■ About this exercise
Your task is to transcribe each record exactly and to omit every image.

╭─ Dataset

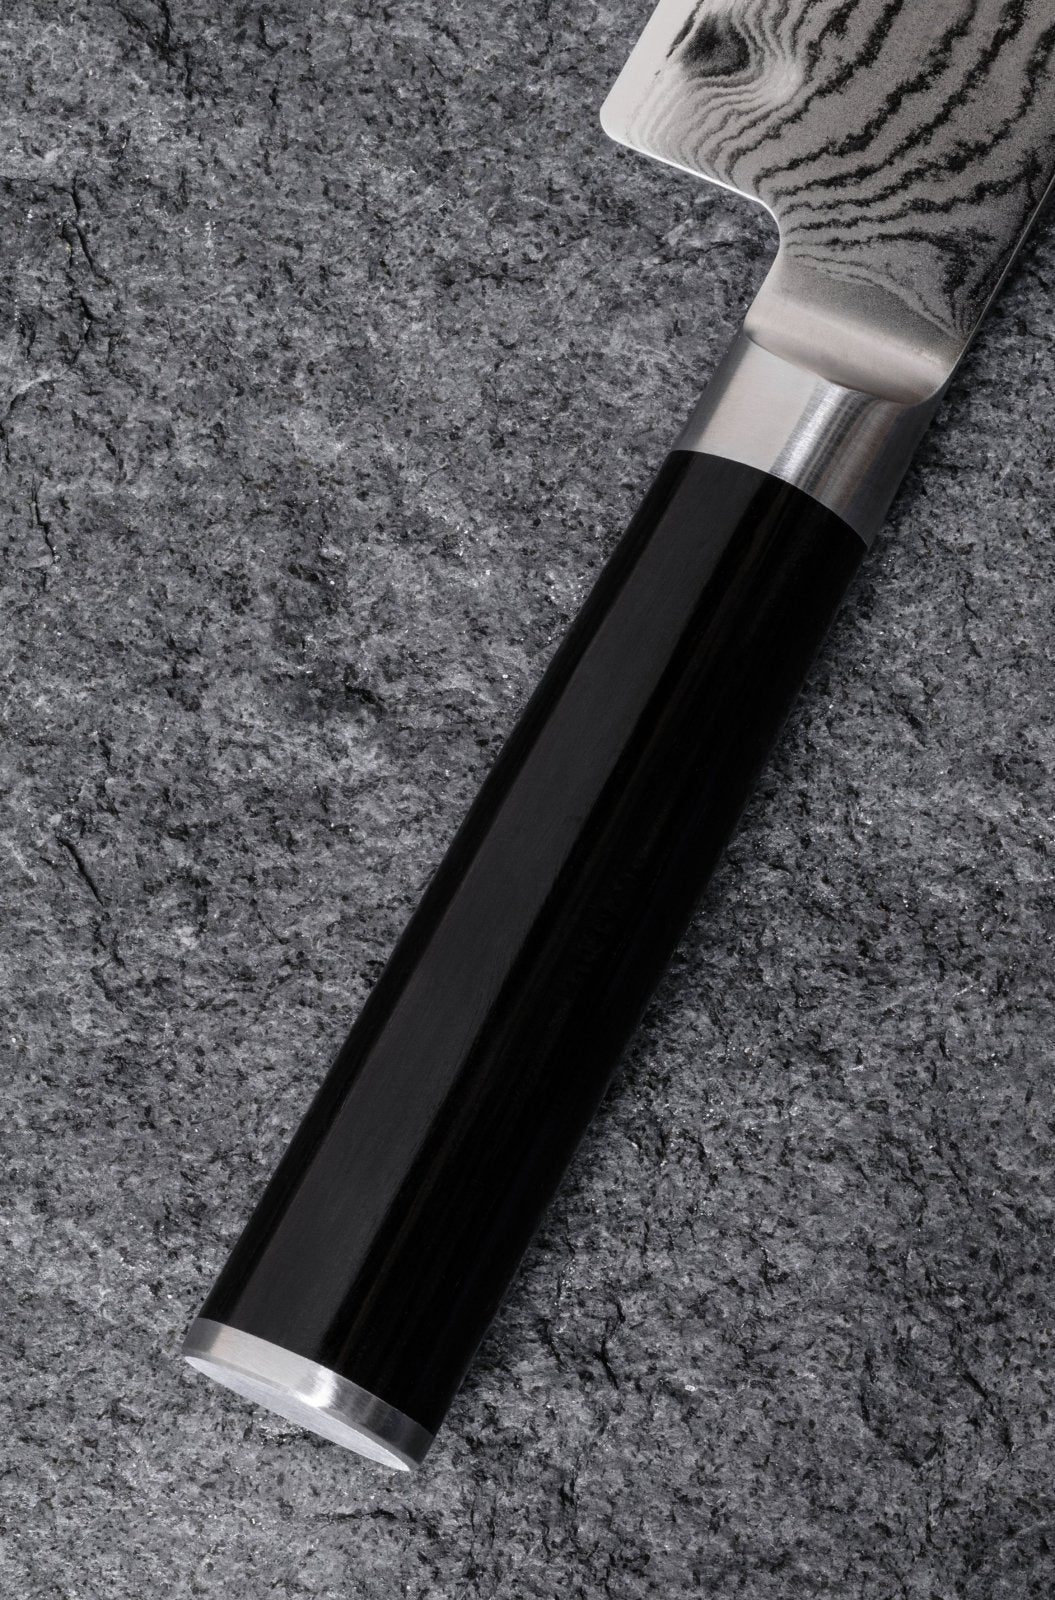 KAI Shun 19cm Wide Santoku Knife - KAI-DM-0717 - The Cotswold Knife Company
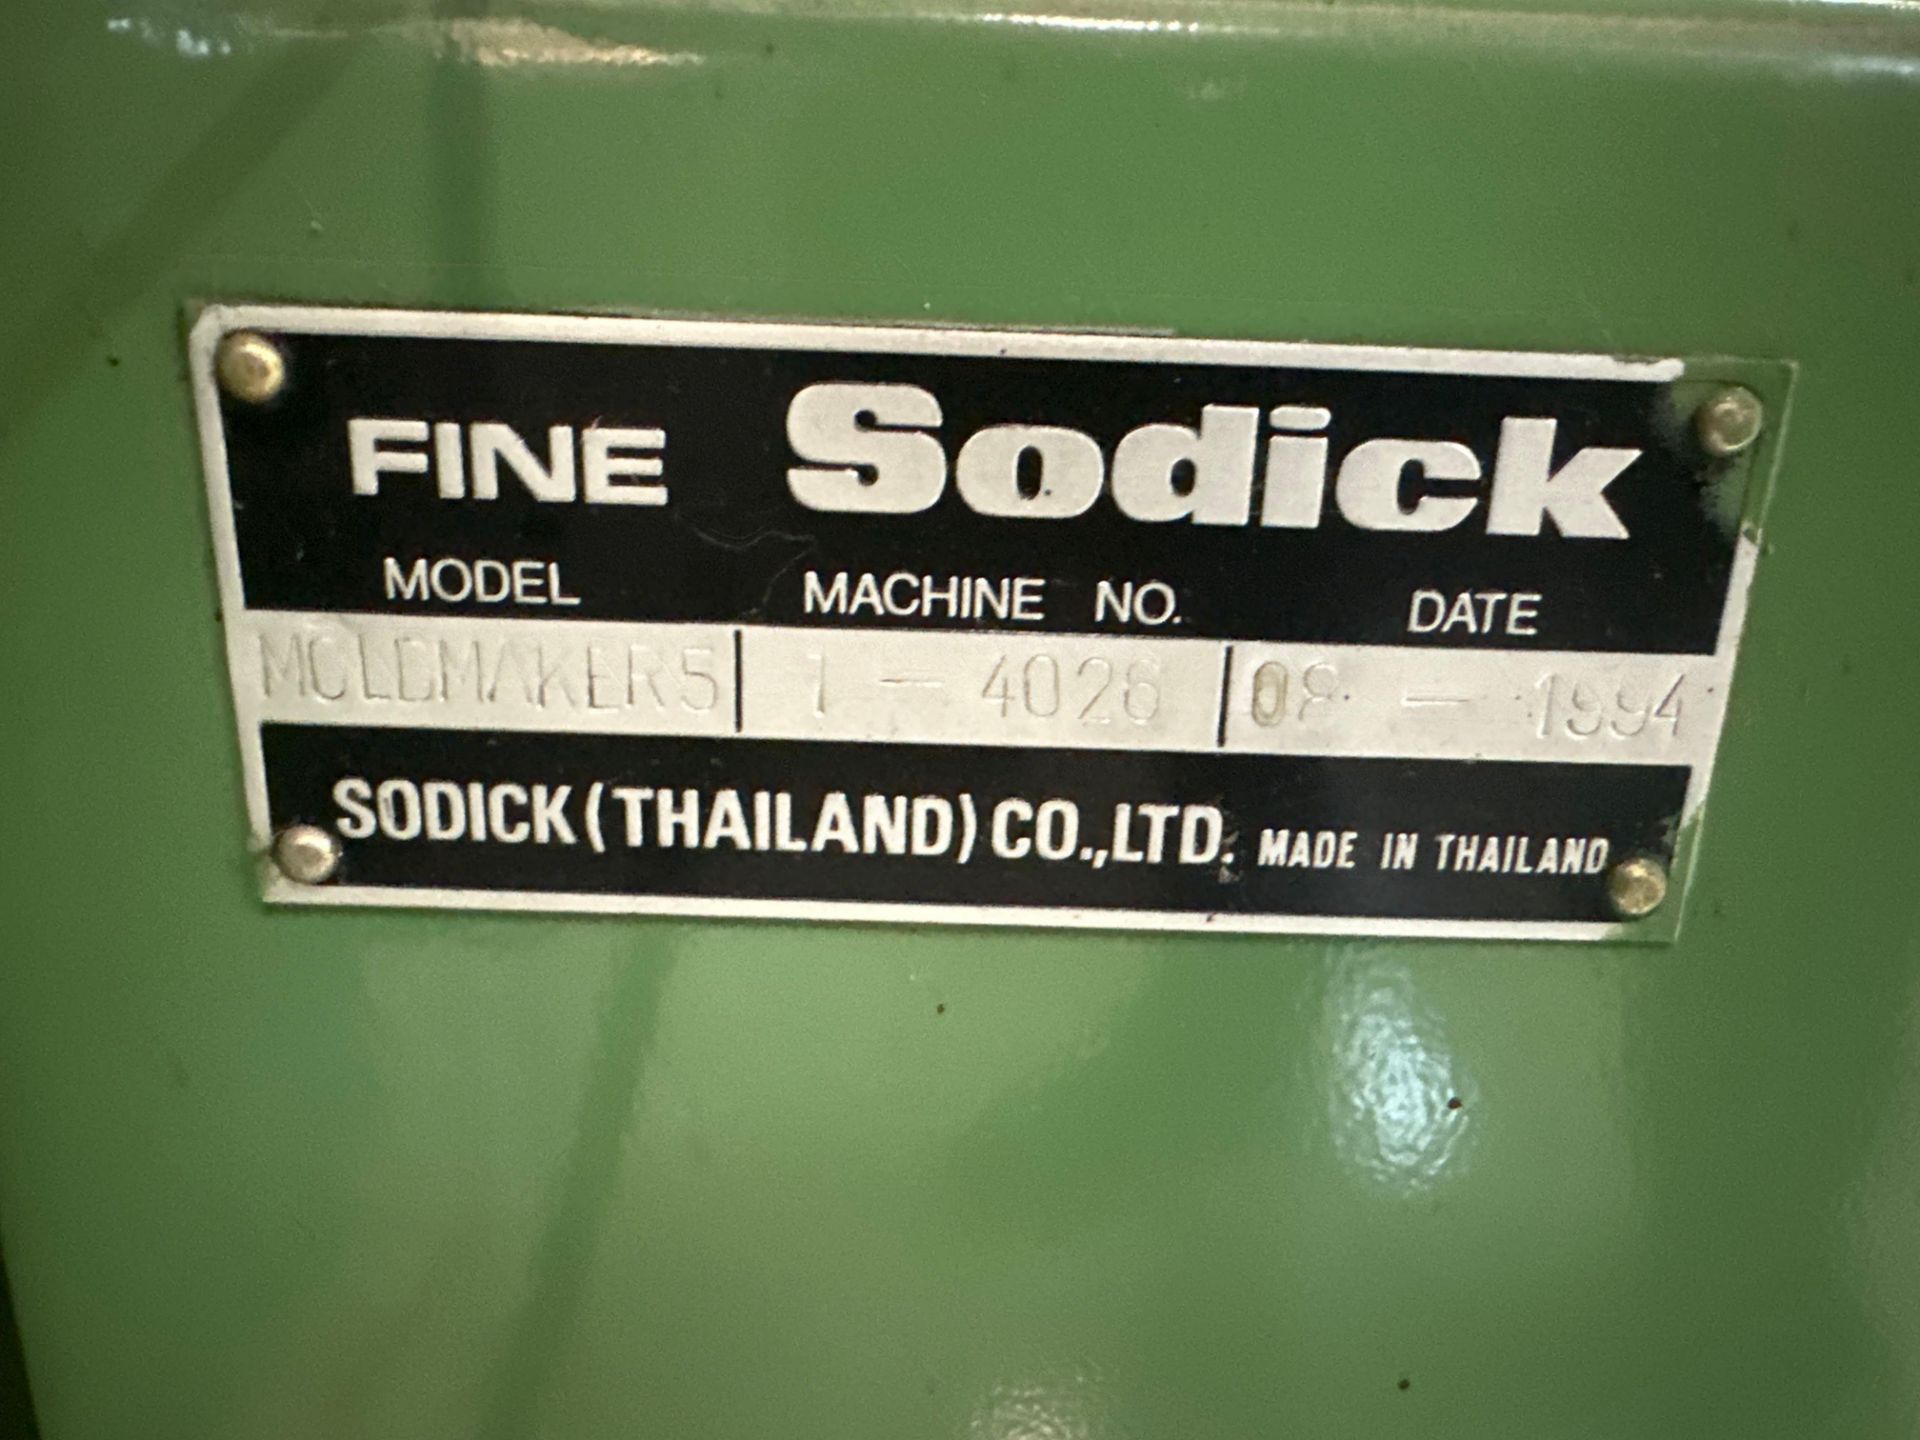 Sodick MoldMaker 5 CNC Sinker EDM, Neuro Fuzzy II 80 Control, s/n 1-4026, 1994 - Image 9 of 10
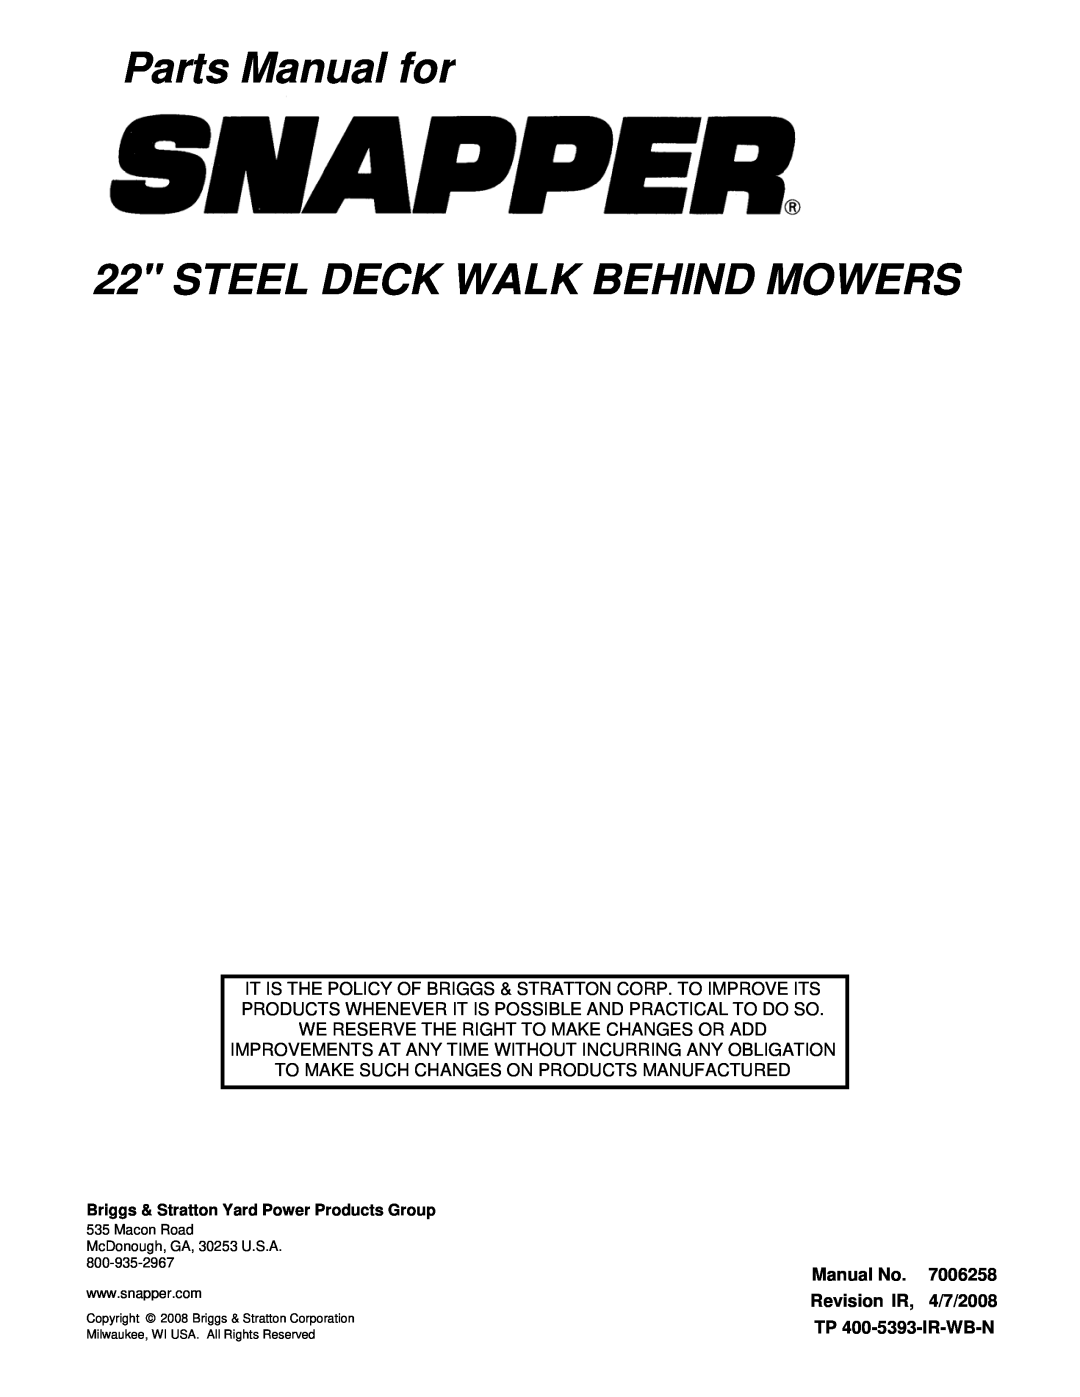 Snapper NS2265 manual Parts Manual for 22 STEEL DECK WALK BEHIND MOWERS, Manual No, 7006258, Revision IR, 4/7/2008 
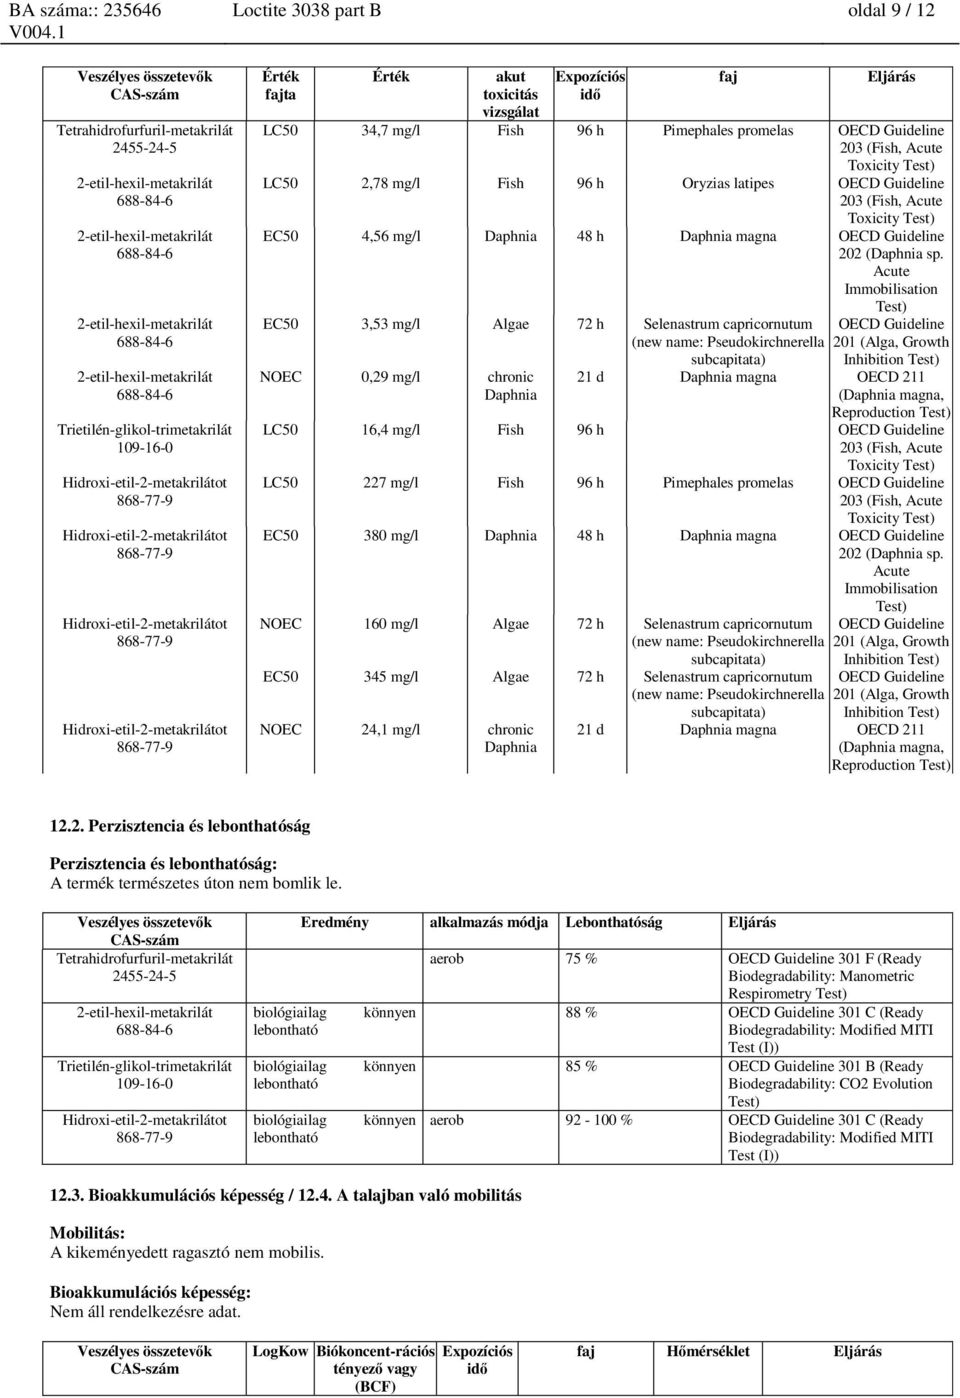 sp. Acute Immobilisation Test) EC50 3,53 mg/l Algae 72 h Selenastrum capricornutum (new name: Pseudokirchnerella subcapitata) NOEC 0,29 mg/l chronic Daphnia OECD Guideline 201 (Alga, Growth
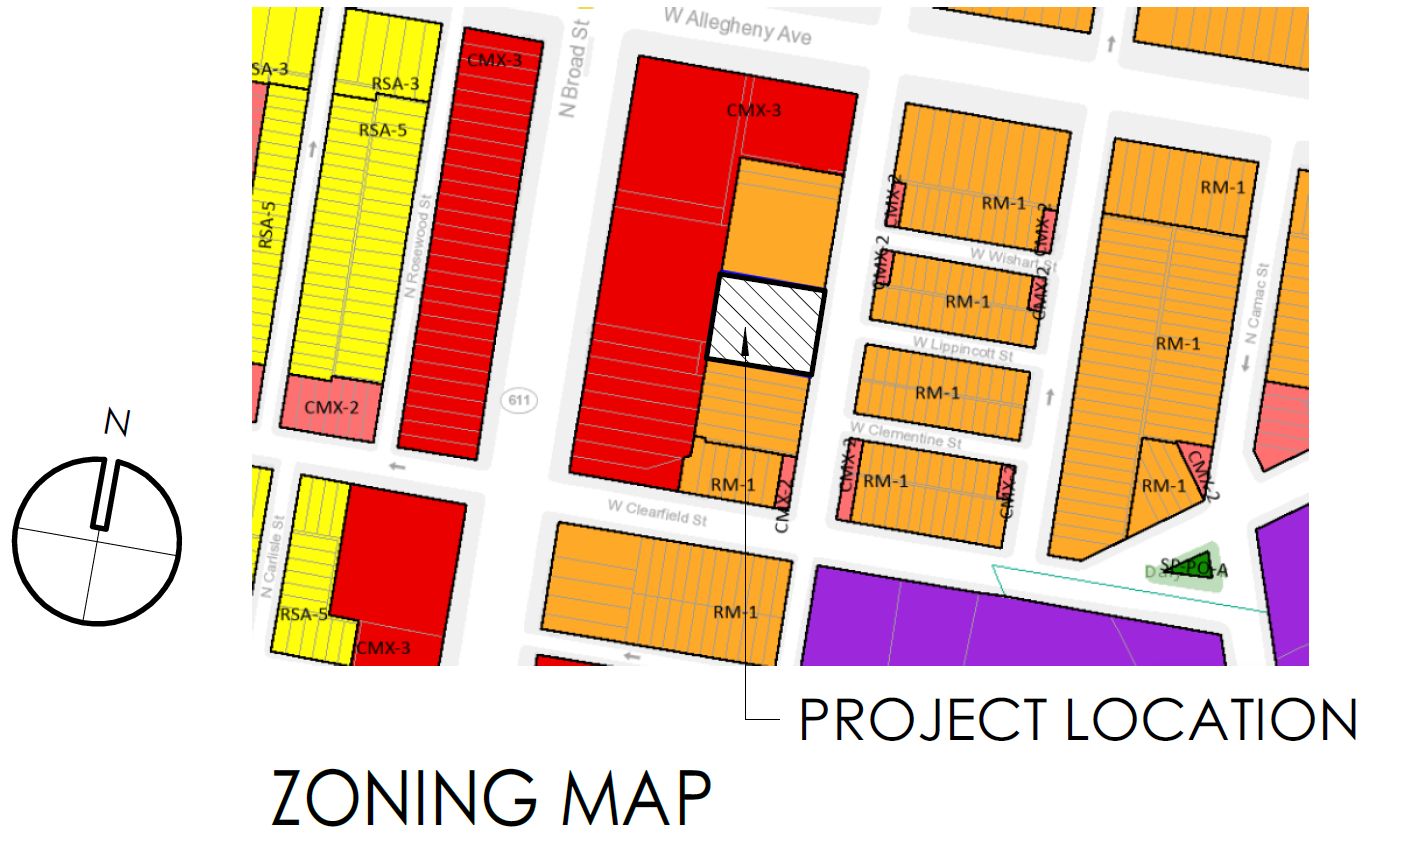 3120 North Park Avenue. Zoning map. Credit: Designblendz via the City of Philadelphia

╰─

■ Answer
 KAI Shun 19cm Wide Santoku Knife - KAI-DM-0717 - The Cotswold Knife Company
 Sodick MoldMaker 5 CNC Sinker EDM, Neuro Fuzzy II 80 Control, s/n 1-4026, 1994 - Image 9 of 10
 Snapper NS2265 manual Parts Manual for 22 STEEL DECK WALK BEHIND MOWERS, Manual No, 7006258, Revision IR, 4/7/2008 
 sp. Acute Immobilisation Test) EC50 3,53 mg/l Algae 72 h Selenastrum capricornutum (new name: Pseudokirchnerella subcapitata) NOEC 0,29 mg/l chronic Daphnia OECD Guideline 201 (Alga, Growth
 3120 North Park Avenue. Zoning map. Credit: Designblendz via the City of Philadelphia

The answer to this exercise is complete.